Raw data
####################

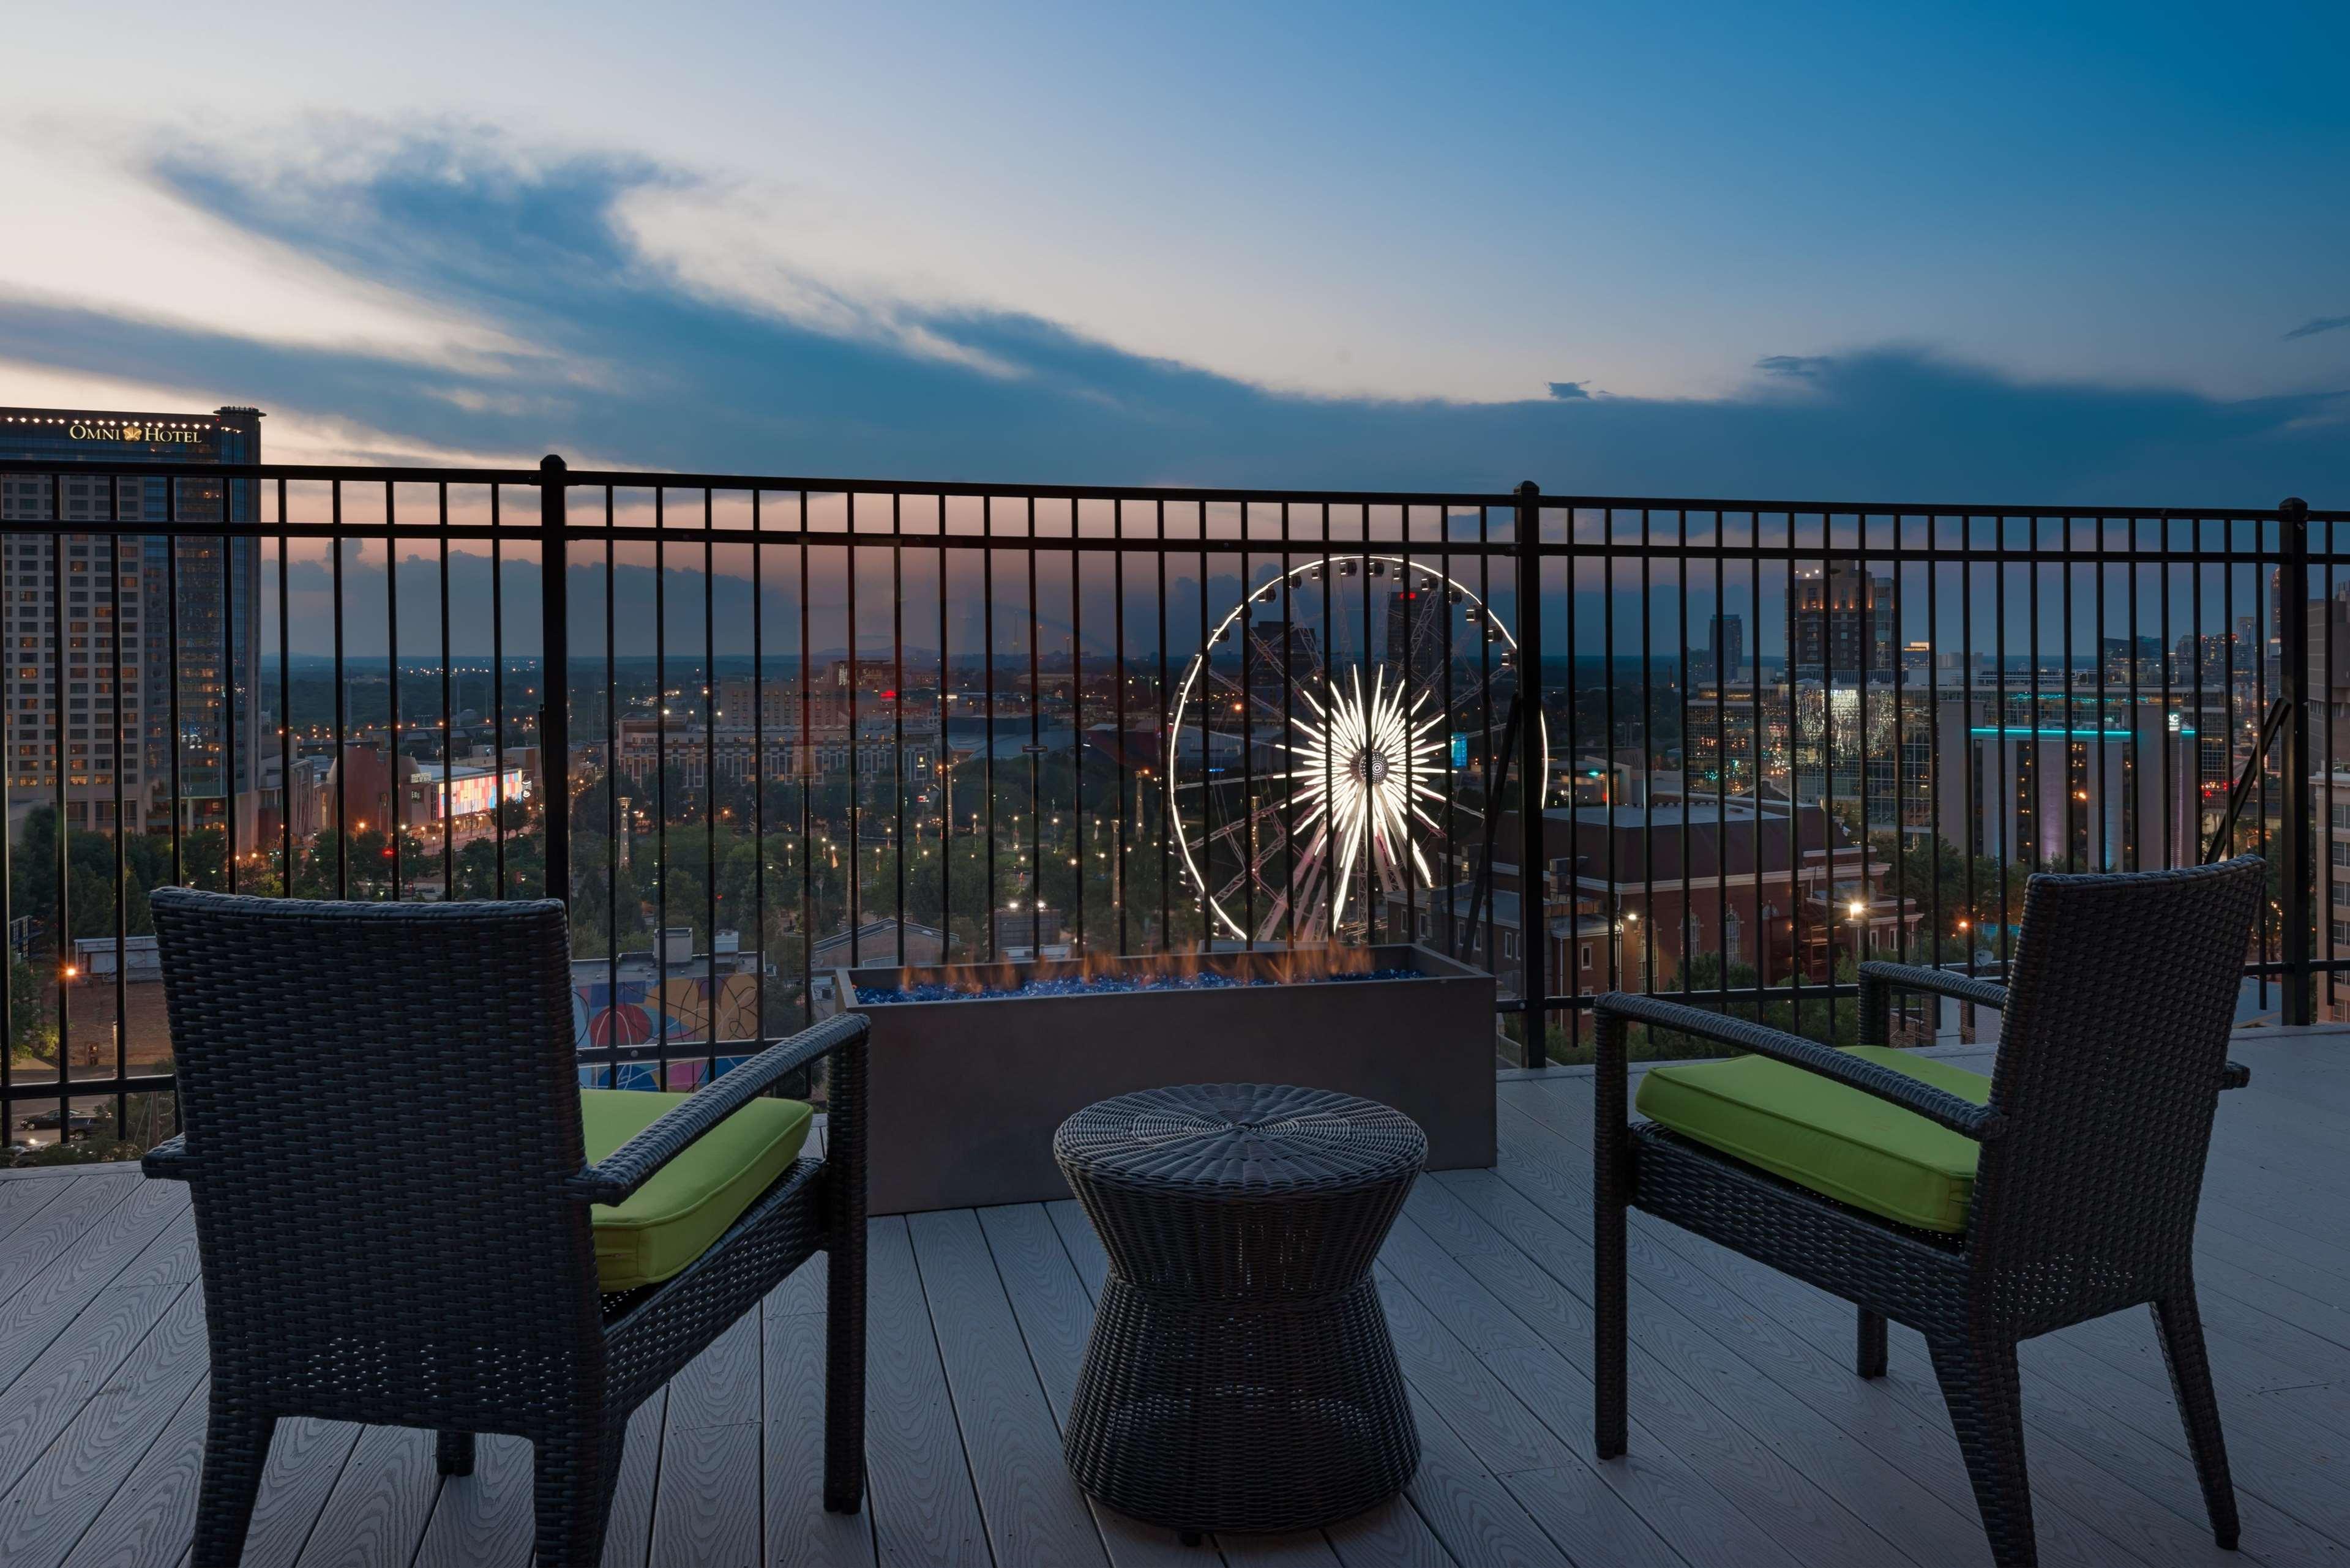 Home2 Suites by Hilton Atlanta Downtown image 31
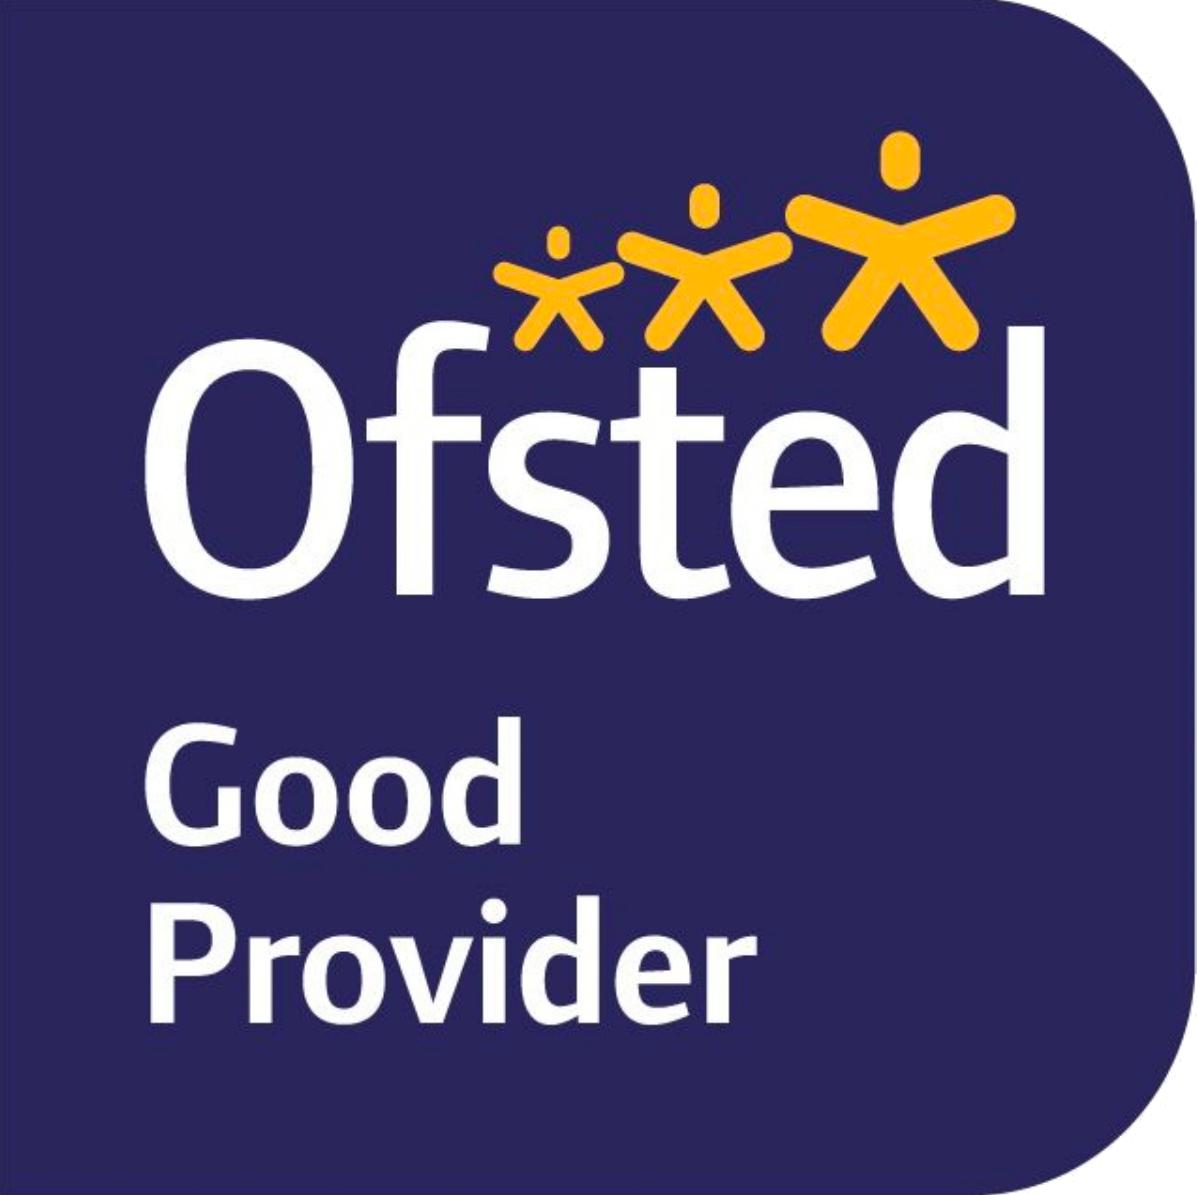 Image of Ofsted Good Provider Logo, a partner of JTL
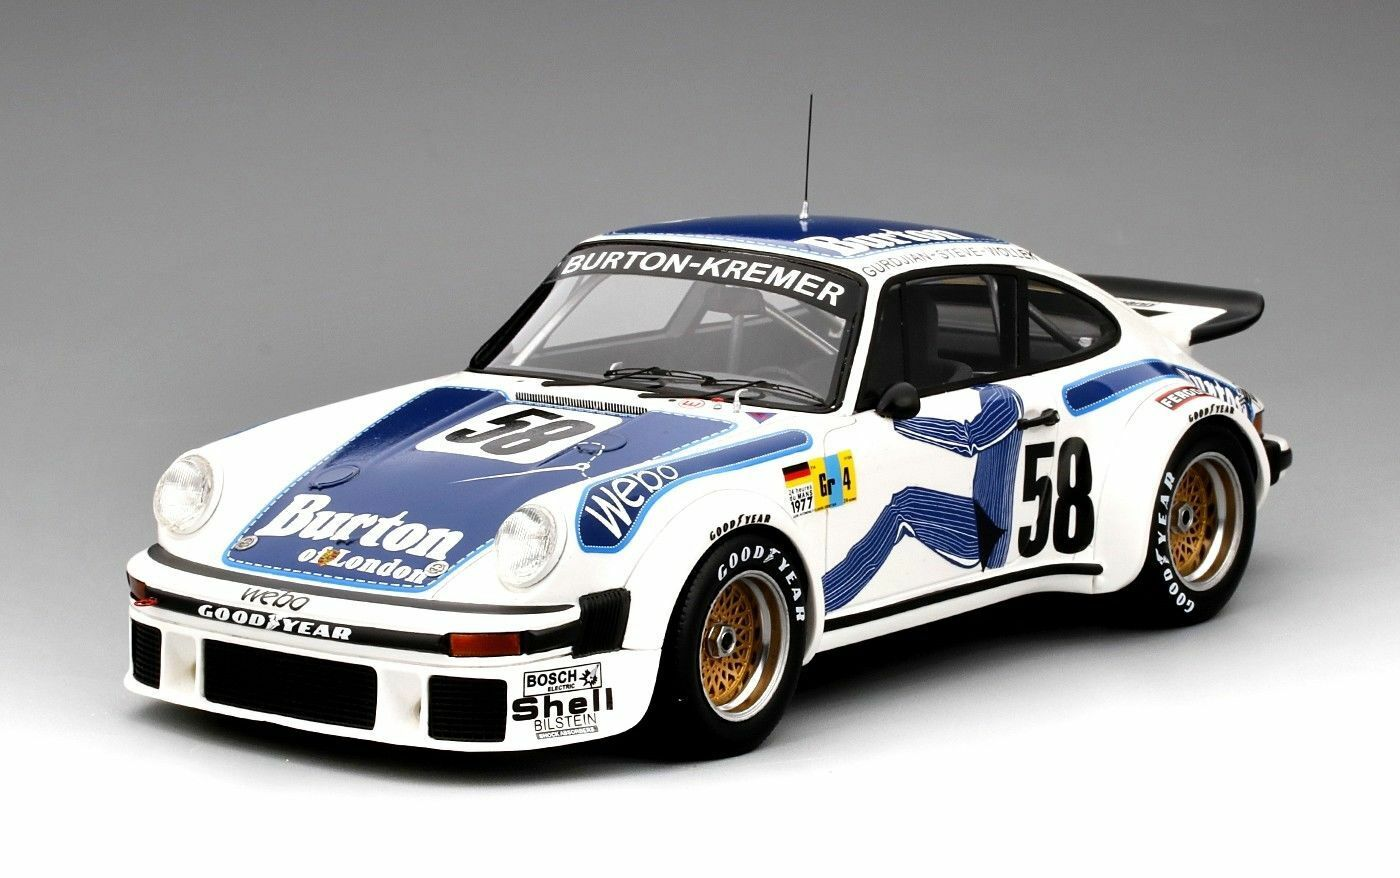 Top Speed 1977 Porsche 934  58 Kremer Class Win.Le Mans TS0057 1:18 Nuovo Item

####################

Description of the task
Give back the full listing exactly as written, only without its pictures.

Result below
 Home2 Suites by Hilton Atlanta Downtown image 31
 Image of Ofsted Good Provider Logo, a partner of JTL
 Top Speed 1977 Porsche 934  58 Kremer Class Win.Le Mans TS0057 1:18 Nuovo Item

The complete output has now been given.